The historic pig's head on Model Worker is the work of another colorful Index local with the initials MM. I have photos.

Posted

Hey Hemlock, I knew you'd make it. Nice place here. Didn't you just love the Neutered Prince quiz question? "Who did the first ascent of blah blah blah?" Answer: "I did." Does somebody need a pat on the back?

Posted

quote:

Originally posted by pope:

Hey Hemlock, I knew you'd make it. Nice place here. Didn't you just love the Neutered Prince quiz question? "Who did the first ascent of blah blah blah?" Answer: "I did." Does somebody need a pat on the back?

No pat needed, thanks (though I do think you are being overly sensitive about the whole thing). I asked the question to see if anybody else was claiming the first ascent. I find it interesting that I sent a letter to Smoot about it with the same name change only days after I climbed it.

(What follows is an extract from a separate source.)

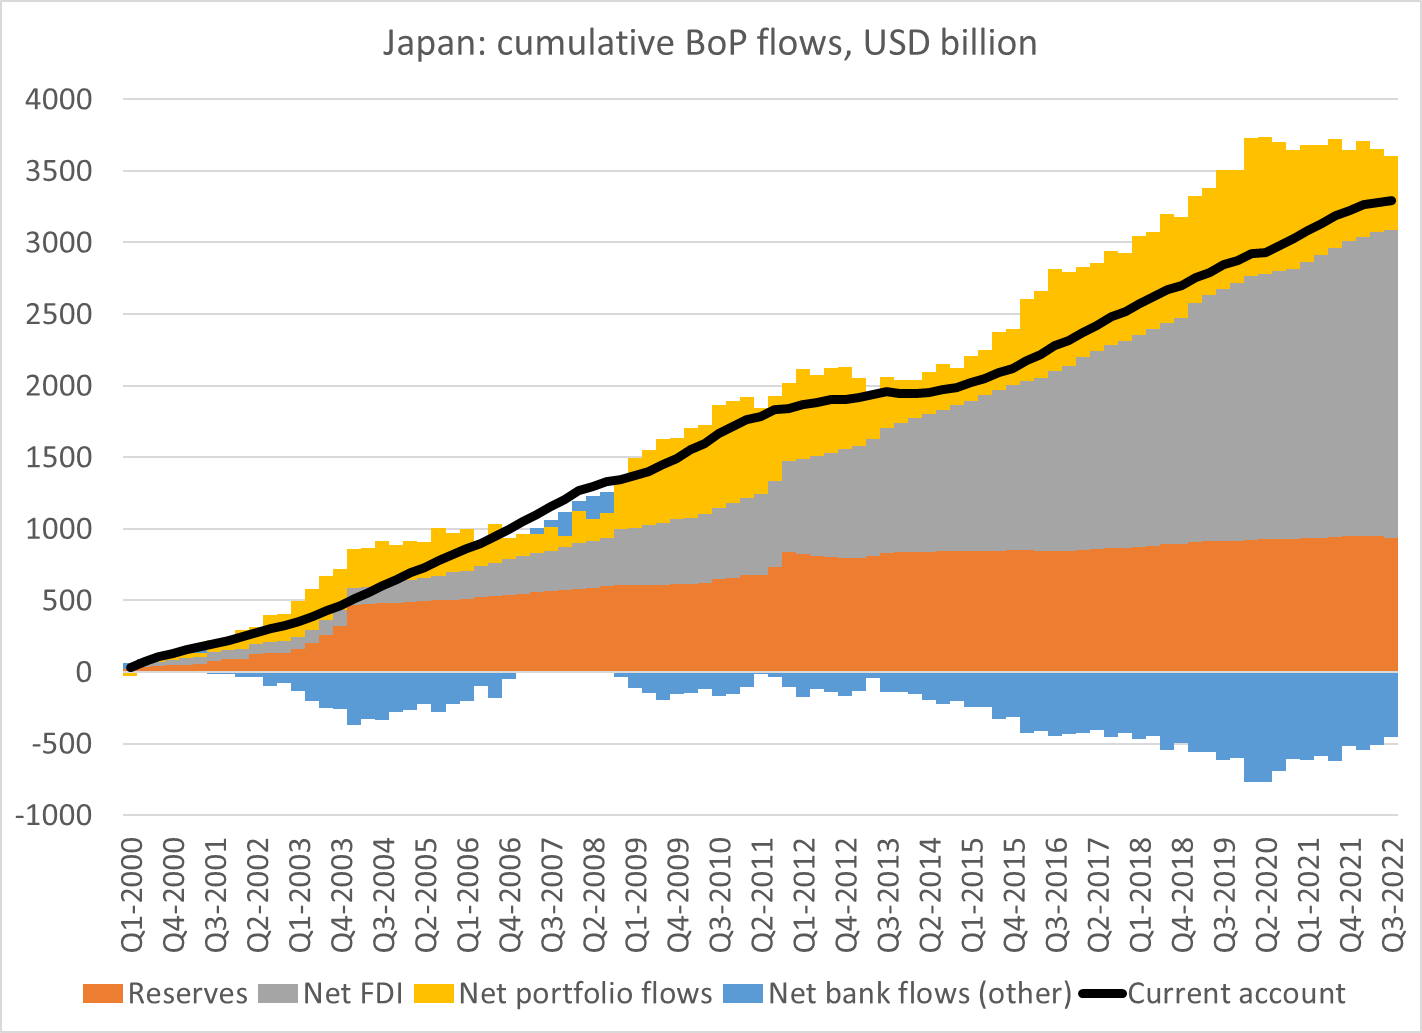 Chart: Japan cumulative Balance of Payment flows from 2000 to 2022.

If Massey says he got it first, that's fine with me. I would still like to hear how he did it without disturbing any of the dirt on the holds.

 

Posted

And Mer is almost right. Almost because it was named after the dead boys not PJ. But wasnt the questionabout the block in reference to a route on the Great Northern Slab not Princely Ambitions?

Posted

Peter Puget: There were questions about both Princely Ambitions, and the Great Northern Slab blocks. The latter has not been answered yet.

Hemlock: There were several pig riggers, and it would be wrong to credit only one.